Could you copy every record exactly as it appears?

Source material:
******

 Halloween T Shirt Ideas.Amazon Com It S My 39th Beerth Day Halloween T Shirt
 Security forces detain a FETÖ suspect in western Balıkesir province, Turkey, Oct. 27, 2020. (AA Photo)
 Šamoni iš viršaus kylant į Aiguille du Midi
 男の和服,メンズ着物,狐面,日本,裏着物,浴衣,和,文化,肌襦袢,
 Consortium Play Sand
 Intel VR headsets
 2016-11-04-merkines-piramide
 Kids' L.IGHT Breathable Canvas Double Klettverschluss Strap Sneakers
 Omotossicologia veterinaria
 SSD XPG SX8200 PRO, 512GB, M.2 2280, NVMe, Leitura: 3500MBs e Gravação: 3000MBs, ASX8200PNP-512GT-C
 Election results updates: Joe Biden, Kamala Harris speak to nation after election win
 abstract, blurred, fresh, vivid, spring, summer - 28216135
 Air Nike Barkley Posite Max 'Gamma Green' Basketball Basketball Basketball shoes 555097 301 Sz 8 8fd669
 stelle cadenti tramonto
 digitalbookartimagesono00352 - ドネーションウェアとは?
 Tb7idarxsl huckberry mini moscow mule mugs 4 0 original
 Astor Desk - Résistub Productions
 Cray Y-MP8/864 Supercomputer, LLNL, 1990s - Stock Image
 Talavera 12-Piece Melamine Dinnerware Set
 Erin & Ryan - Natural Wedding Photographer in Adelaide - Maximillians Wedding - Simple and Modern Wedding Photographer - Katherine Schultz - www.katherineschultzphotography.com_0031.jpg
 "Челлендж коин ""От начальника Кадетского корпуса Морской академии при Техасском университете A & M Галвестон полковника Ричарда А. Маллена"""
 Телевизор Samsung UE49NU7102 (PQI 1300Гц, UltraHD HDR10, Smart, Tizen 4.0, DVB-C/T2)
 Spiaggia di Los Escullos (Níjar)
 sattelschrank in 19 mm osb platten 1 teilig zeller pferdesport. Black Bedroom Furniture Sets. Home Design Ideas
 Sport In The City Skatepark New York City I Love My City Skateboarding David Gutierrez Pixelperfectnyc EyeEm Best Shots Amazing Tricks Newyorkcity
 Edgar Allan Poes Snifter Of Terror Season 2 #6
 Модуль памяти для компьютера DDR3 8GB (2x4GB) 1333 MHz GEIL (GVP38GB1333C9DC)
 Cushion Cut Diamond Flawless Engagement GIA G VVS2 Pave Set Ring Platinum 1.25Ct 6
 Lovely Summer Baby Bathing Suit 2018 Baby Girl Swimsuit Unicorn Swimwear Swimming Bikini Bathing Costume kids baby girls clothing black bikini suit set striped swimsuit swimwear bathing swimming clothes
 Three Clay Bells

******

Task solution:
 Halloween T Shirt Ideas.Amazon Com It S My 39th Beerth Day Halloween T Shirt
 Security forces detain a FETÖ suspect in western Balıkesir province, Turkey, Oct. 27, 2020. (AA Photo)
 Šamoni iš viršaus kylant į Aiguille du Midi
 男の和服,メンズ着物,狐面,日本,裏着物,浴衣,和,文化,肌襦袢,
 Consortium Play Sand
 Intel VR headsets
 2016-11-04-merkines-piramide
 Kids' L.IGHT Breathable Canvas Double Klettverschluss Strap Sneakers
 Omotossicologia veterinaria
 SSD XPG SX8200 PRO, 512GB, M.2 2280, NVMe, Leitura: 3500MBs e Gravação: 3000MBs, ASX8200PNP-512GT-C
 Election results updates: Joe Biden, Kamala Harris speak to nation after election win
 abstract, blurred, fresh, vivid, spring, summer - 28216135
 Air Nike Barkley Posite Max 'Gamma Green' Basketball Basketball Basketball shoes 555097 301 Sz 8 8fd669
 stelle cadenti tramonto
 digitalbookartimagesono00352 - ドネーションウェアとは?
 Tb7idarxsl huckberry mini moscow mule mugs 4 0 original
 Astor Desk - Résistub Productions
 Cray Y-MP8/864 Supercomputer, LLNL, 1990s - Stock Image
 Talavera 12-Piece Melamine Dinnerware Set
 Erin & Ryan - Natural Wedding Photographer in Adelaide - Maximillians Wedding - Simple and Modern Wedding Photographer - Katherine Schultz - www.katherineschultzphotography.com_0031.jpg
 "Челлендж коин ""От начальника Кадетского корпуса Морской академии при Техасском университете A & M Галвестон полковника Ричарда А. Маллена"""
 Телевизор Samsung UE49NU7102 (PQI 1300Гц, UltraHD HDR10, Smart, Tizen 4.0, DVB-C/T2)
 Spiaggia di Los Escullos (Níjar)
 sattelschrank in 19 mm osb platten 1 teilig zeller pferdesport. Black Bedroom Furniture Sets. Home Design Ideas
 Sport In The City Skatepark New York City I Love My City Skateboarding David Gutierrez Pixelperfectnyc EyeEm Best Shots Amazing Tricks Newyorkcity
 Edgar Allan Poes Snifter Of Terror Season 2 #6
 Модуль памяти для компьютера DDR3 8GB (2x4GB) 1333 MHz GEIL (GVP38GB1333C9DC)
 Cushion Cut Diamond Flawless Engagement GIA G VVS2 Pave Set Ring Platinum 1.25Ct 6
 Lovely Summer Baby Bathing Suit 2018 Baby Girl Swimsuit Unicorn Swimwear Swimming Bikini Bathing Costume kids baby girls clothing black bikini suit set striped swimsuit swimwear bathing swimming clothes
 Three Clay Bells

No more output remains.